First Active, Irish Permanent, TSB and the two remaining building societies, EBS and Irish Nationwide, face savage cuts in profits if they follow the move by AIB and Bank of Ireland and cut their mortgage rates to below 4 per cent.
Mr Oliver O'Shea, analyst with Goodbody Stockbrokers, has estimated that repricing its entire variable rate mortgage book by 1.25 percentage points lower would reduce EBS's pretax profits by 63 per cent to €29 million (£23 million).
EBS, committed to mutuality, has traditionally offered cheaper mortgages and higher deposit rates than the banks. Any erosion of these lower margins would hit EBS proportionately more than a 1.25 percentage point cut in mortgage rates would have on the banks' margins.
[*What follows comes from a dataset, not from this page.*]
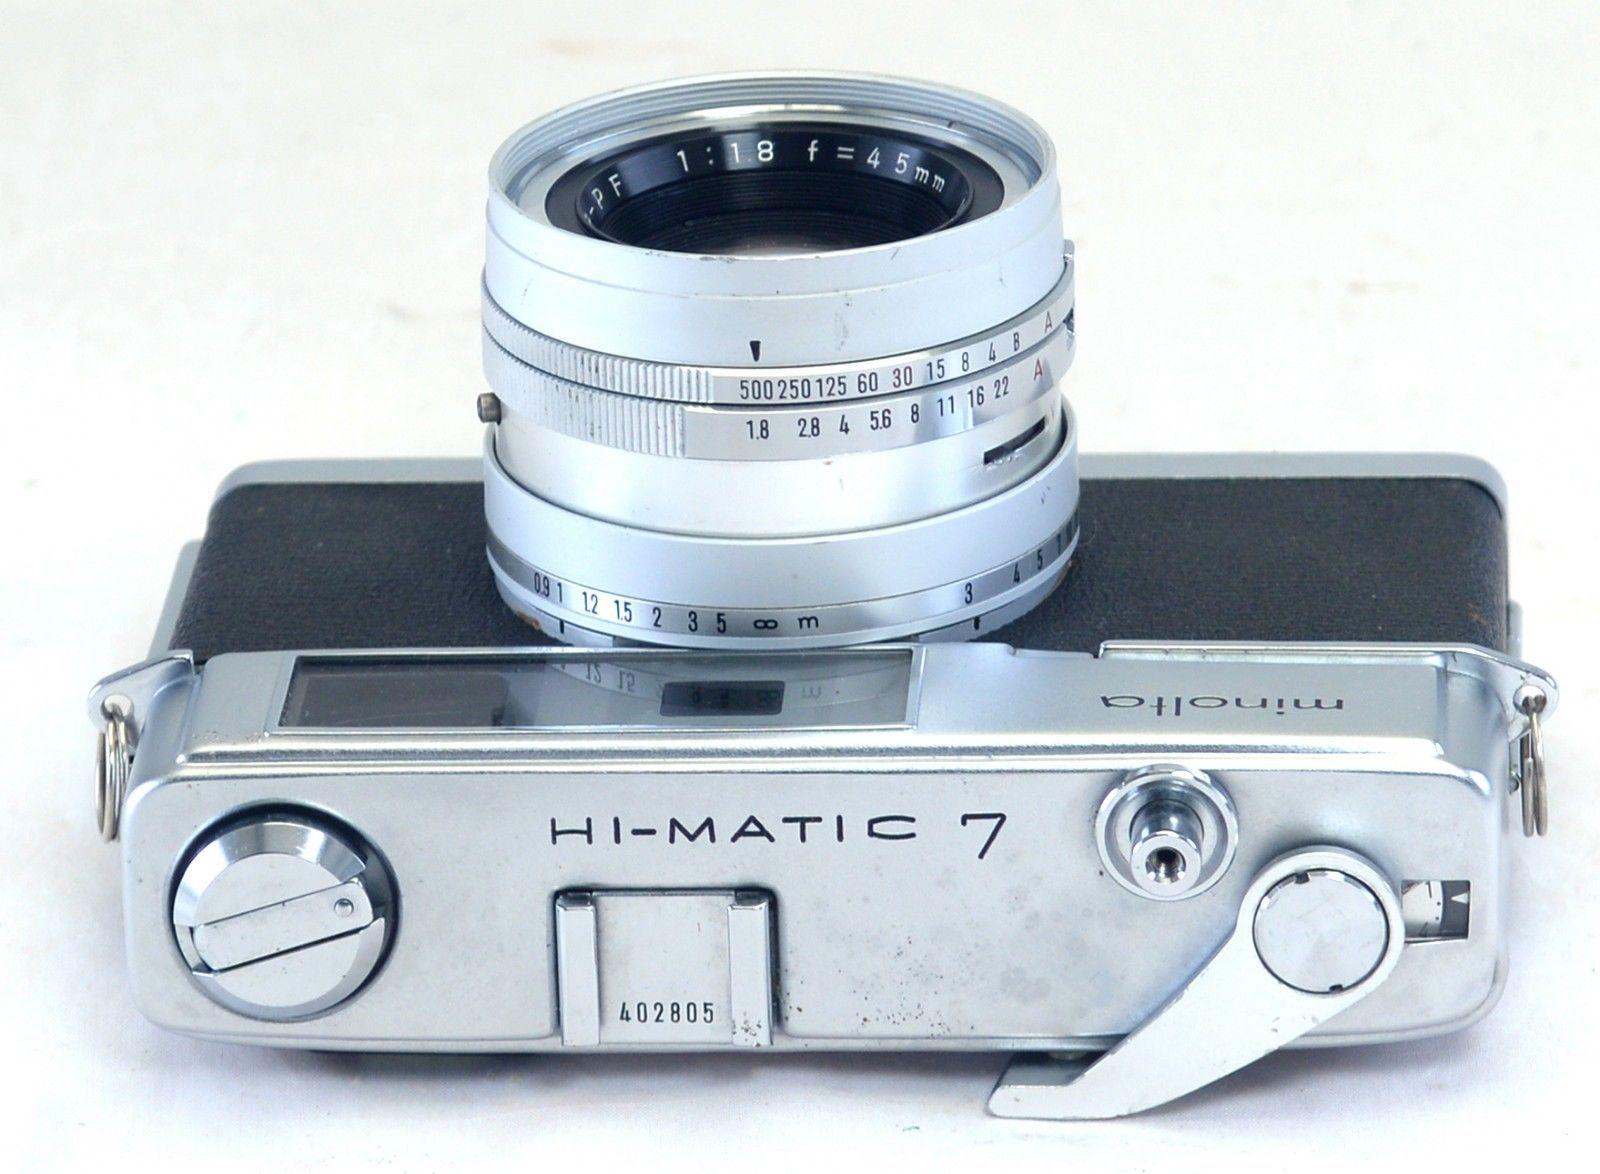 MINOLTA HI-MATIC 7 35mm Film VINTAGE Camera ROKKOR 45mm F1.8 Lens JAPAN

EBS has already said it intends to remain the cheapest mortgage lender on the market and maintaining this position would require a rate cut of at least 0.9 percentage points.
But analysts believe that with no outside shareholders to keep happy, EBS will move aggressively to maintain its mortgage rate differential over the other lenders. A cut of 1.25 percentage points would bring EBS's variable rate down to 3.6 per cent.
Irish Nationwide - less committed to mutuality than EBS - faces a potential 25 per cent fall in its profits to €32 million if it matches the mortgage rate cut from AIB and Bank of Ireland.
But the impact on some of the publicly quoted banks will be more significant as the market may now have to rerate the banks to reflect the cut in their margins that a 1.25 percentage cut in mortgage rates will bring.
Goodbody believes the impact on AIB and Bank of Ireland will be negligible given their diversity of earnings and their much lower dependence on mortgage lending, with AIB facing only a 2 per cent fall in profits and Bank of Ireland 3 per cent.
But for First Active and Irish Life & Permanent the impact will be harsher.
Goodbody estimates that First Active faces a 34 per cent fall in its pre-tax profits to €44 million while Irish Life & Permanent faces a fall of 8 per cent, although its Irish Permanent banking division faces a 29 per cent fall in profits to €85 million. So far, the rate cut on margins has not affected First Active and Irish Permanent share prices. But market sources said yesterday First Active in particular might come under pressure as investors price in the impact of the likely mortgage rate cut on profits and earnings.